For removing the correlation of each axis, the RSW frame is the best for providing covariance. In contrast, to utilize the RSW frame, a user is required to overcome complex computation for the transformation from ECEF to ECI and additional communication for EOP parameters. Therefore, based on our analysis of covariance characteristics, we proposed a new RAC frame using the ECEF position and velocity vectors to provide covariance similar to that of the RSW frame. The new RAC coordinate uses a new velocity vector that eliminates the velocity effect due to frame rotation. Therefore, users do not have to sustain the complex computation for the transformation from ECEF to ECI in order to utilize the advantage of the RSW frame.

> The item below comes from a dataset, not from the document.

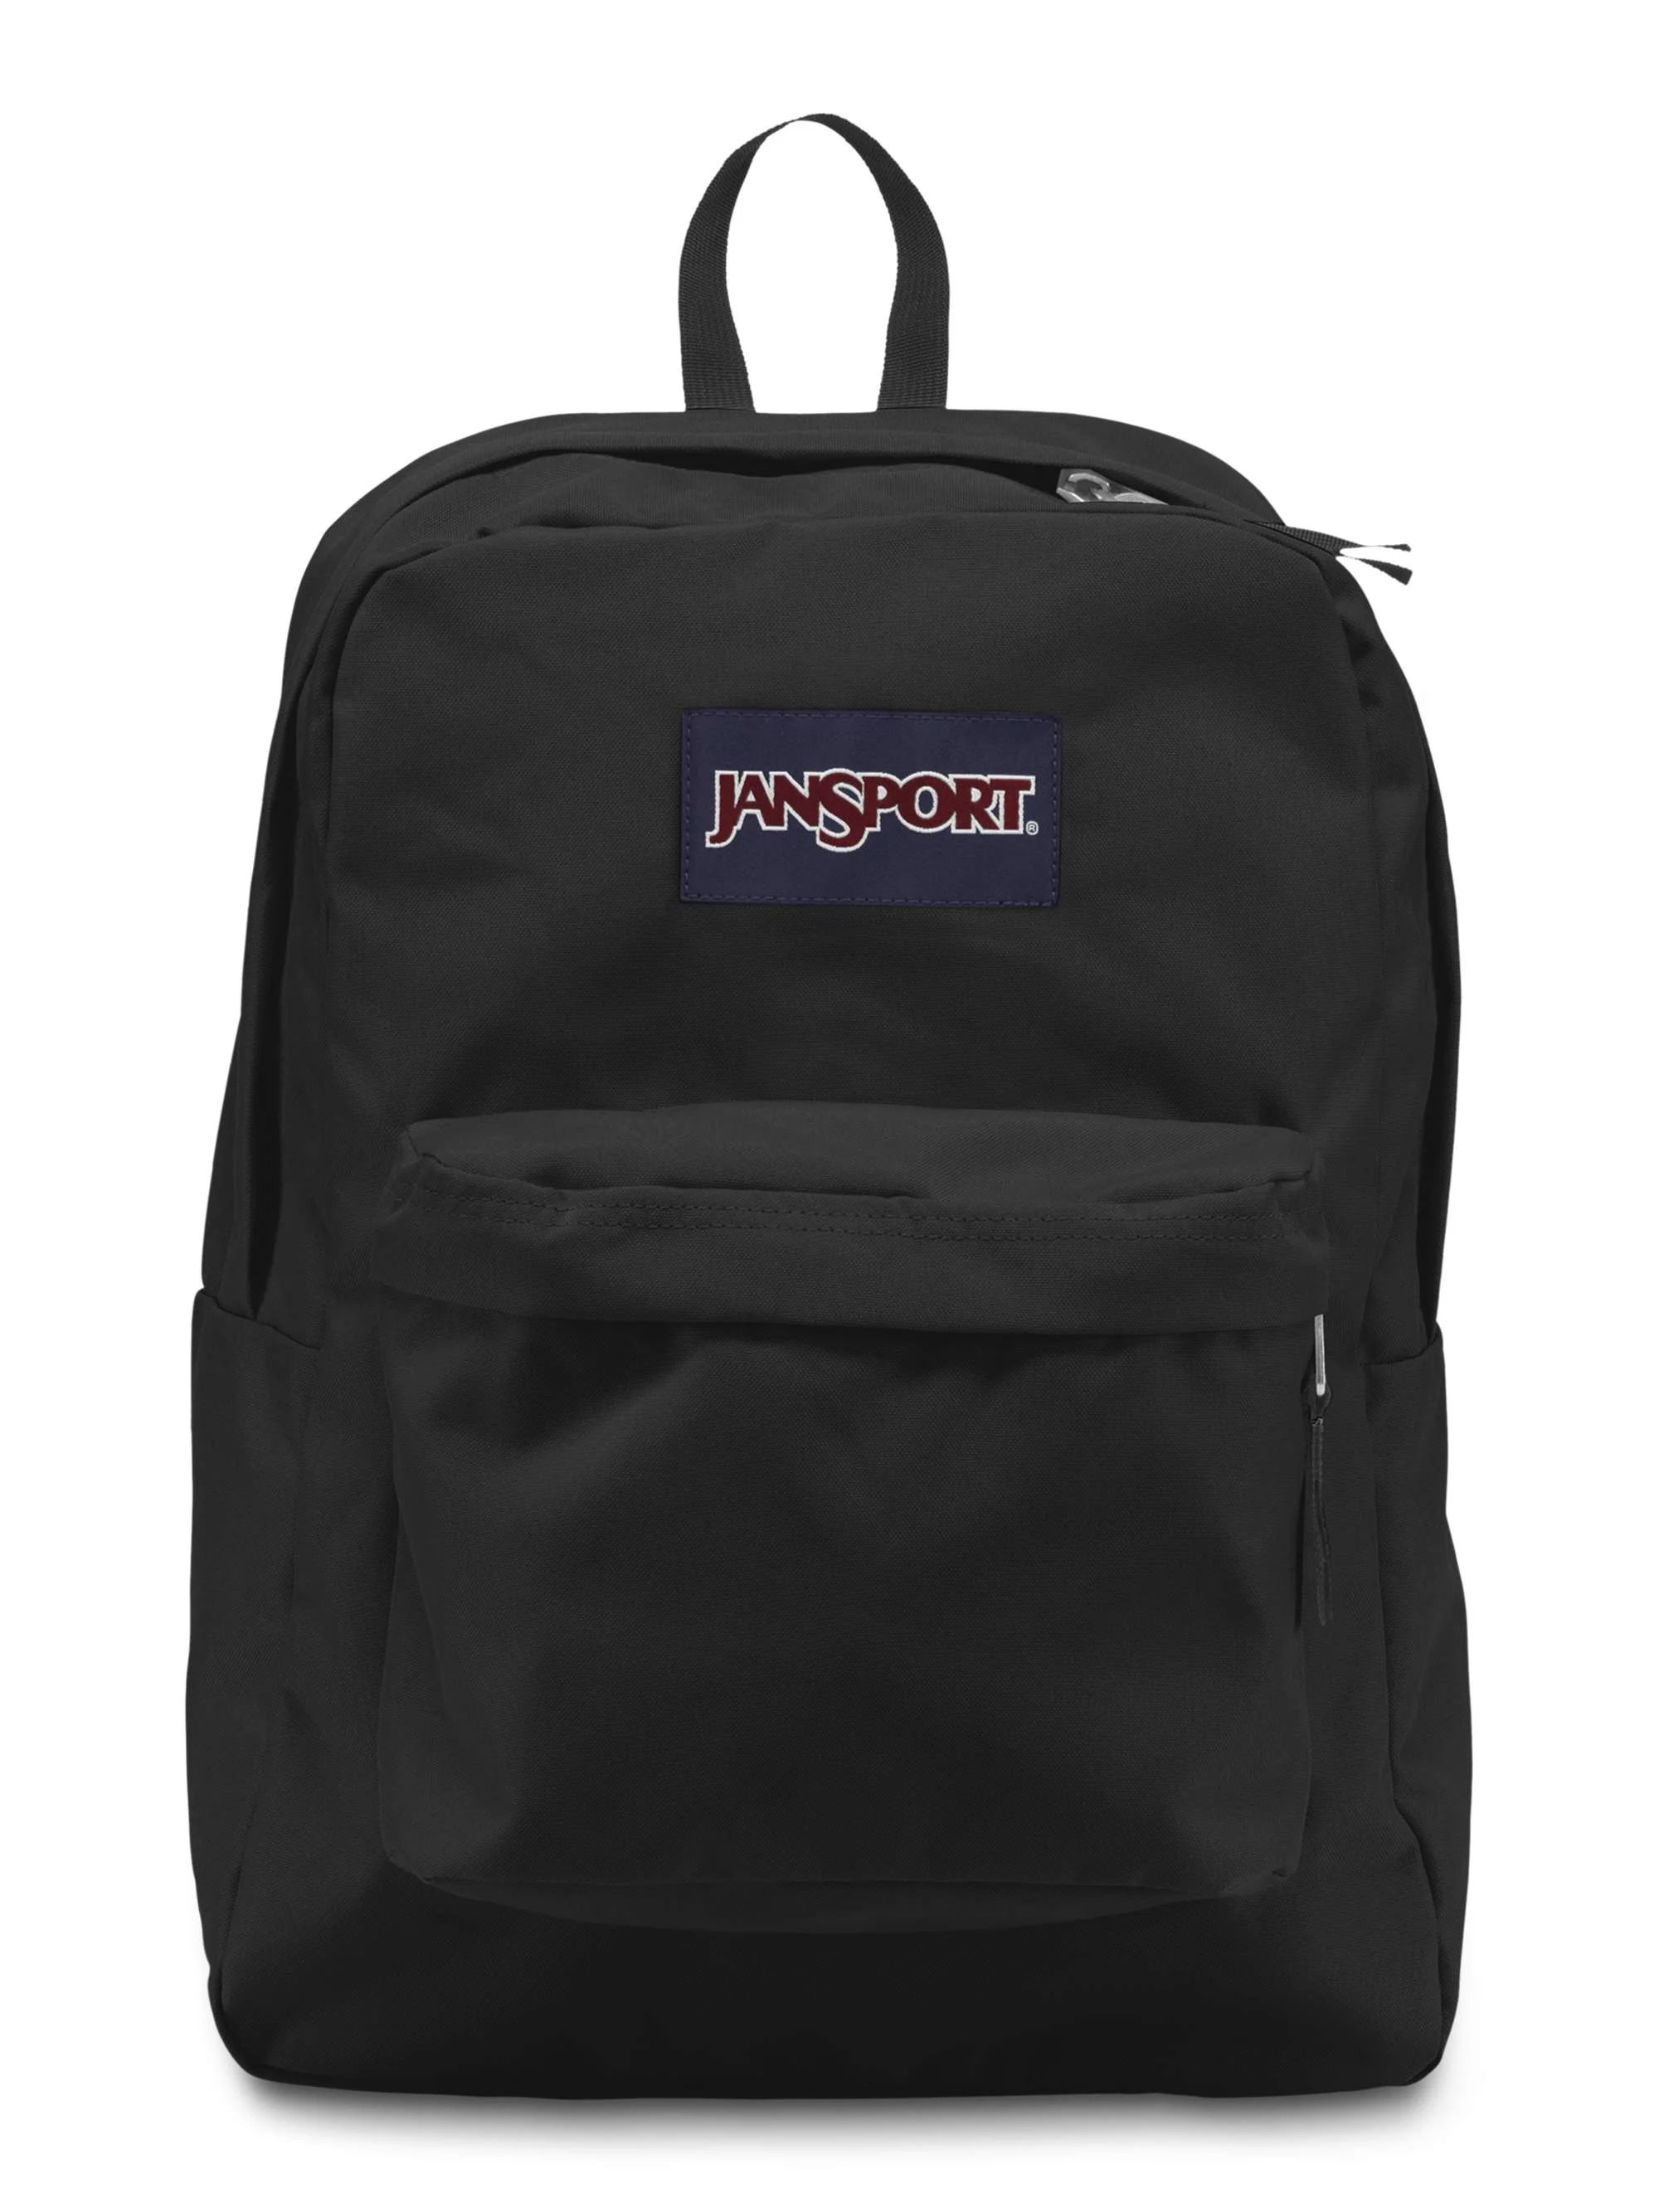 Jansport Superbreak Backpack, Black | Walmart (US)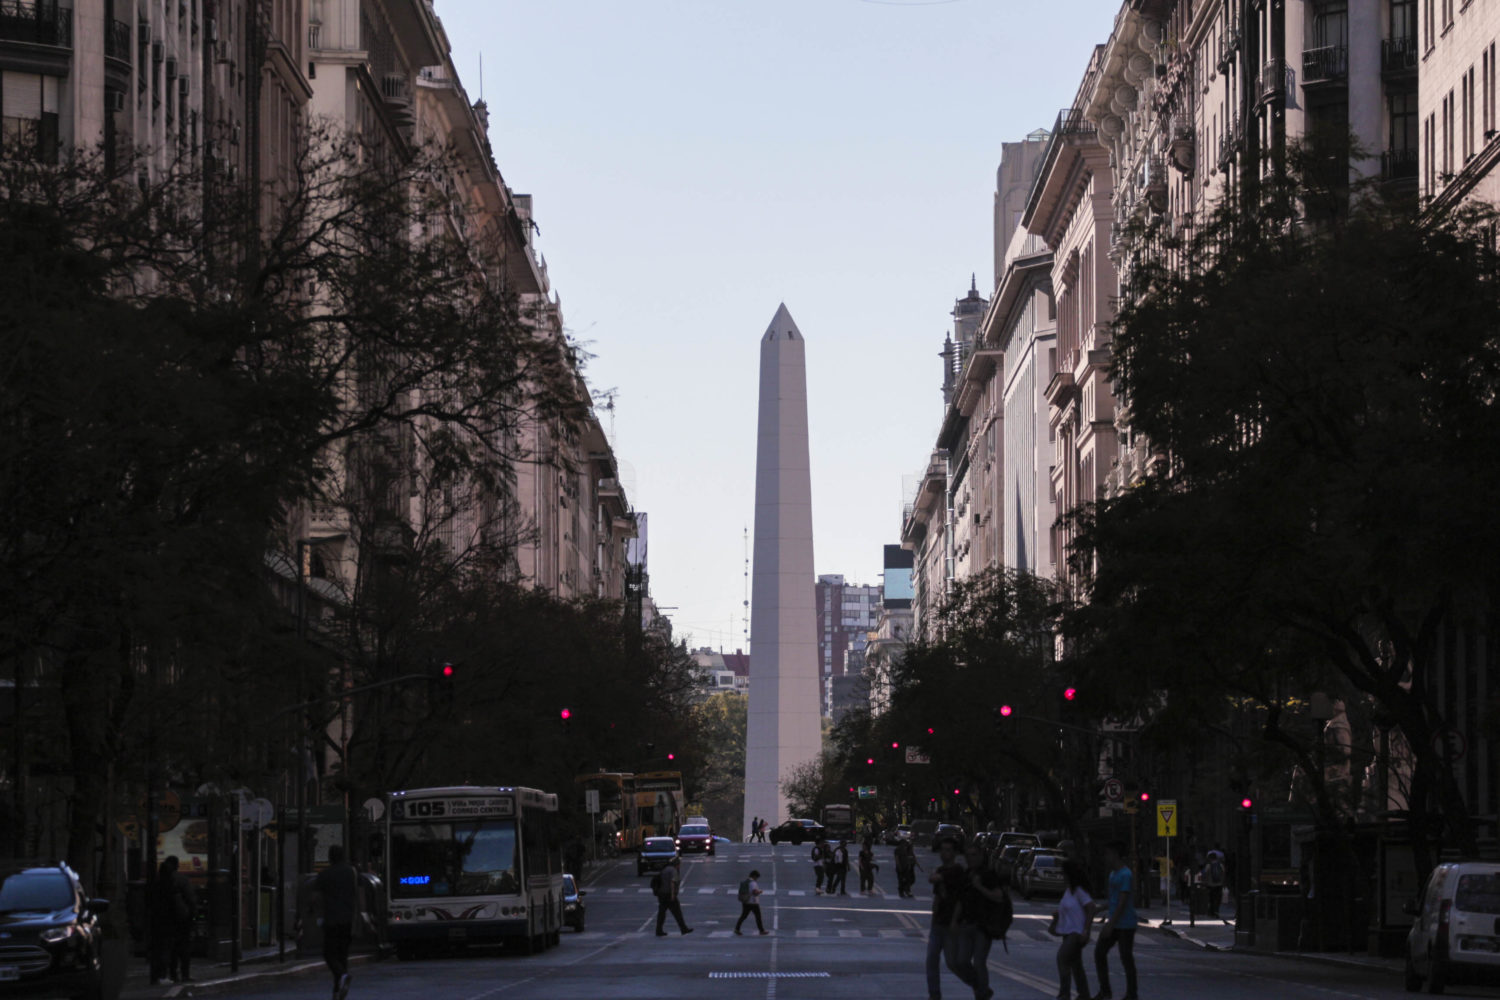 vista central do obelisco buenos aires de buenos aires na argentina

Finally, we evaluated six covariance provision methods that were implemented in the ECEF frame. Each method was evaluated by means of the ratio of the ellipsoid provided to the actual covariance ellipsoid, since an ellipsoid closer to the actual covariance yields more appropriate information to improve on practical applications. Method 1 used only one scalar component per satellite, and it yielded an eight-times-larger ellipsoid than the actual covariance one. Methods 2 adopted by IGS and Method 3, which utilized the standard deviations of the X-, Y-, Z- or R-, A-, C-axes, yielded nearly three or four times the full covariance. Method 4 also provided the same number of broadcasting parameters as methods 2 and 3. With the implementation of the new RAC frame, Method 4 yielded a covariance ratio of 2.2. Furthermore, Method 5 afforded a covariance ratio of 1.3 upon application of the R-A correlation. The novel proposed method is confirmed to be effective for providing covariance to users. This approach will improve covariance applications such as fault detection, integrity, and navigation performance improvement. Furthermore, applications of covariance will exhibit more continuity owing to the reduction in uncertainty. Finally, even low-cost user systems could apply the covariance information owing to the low computational burden.
5. Conclusions
We analyzed the characteristics of real-time orbit covariance to devise a new covariance parameterization method. For the covariance analysis, we implemented a real-time orbit determination tool. The filter in our approach utilized DDCP measurements to determine the satellite orbits and their covariance. The orbit accuracy was to the 2 cm level along the radial direction and to the 7.8-cm level in terms of 3D error relative to the IGS final orbits. In addition, we identified that the covariance conservatively reflects the error distribution.
The covariance of real-time GPS orbits exhibits a special feature in the ECI coordinate system. The error correlation between the radial and along-track errors remains negative, and the cross-track errors are uncorrelated with the other two parameters. However, the cross-track characteristics of the ECEF are variable, and they do not appear in the ECI frame or in any long-term analysis of previous study results. Therefore, we proposed a new ECEF-based local the coordinate to maintain real-time characteristics in ECI.
The new RAC frame obtained through covariance analyses is deemed suitable to provide more realistic covariance than previous approaches. The method of neglecting the correlation of each axis in ECEF yields an ellipsoid with approximately 4 times the volume of full covariance. However, the new RAC frame reduced the size of the provided ellipsoid by 2.2 times the full covariance volume. In addition, it was possible to generate an ellipsoid similar to the full covariance considering the R-A correlation. In conclusion, the proposed method provides covariance similar to the actual value with a reduced number of parameters considering the real-time covariance characteristics. We expect that the real-time covariance of the filter can be applied to navigation improvement, user integrity, and fault detection for PPP or RTK.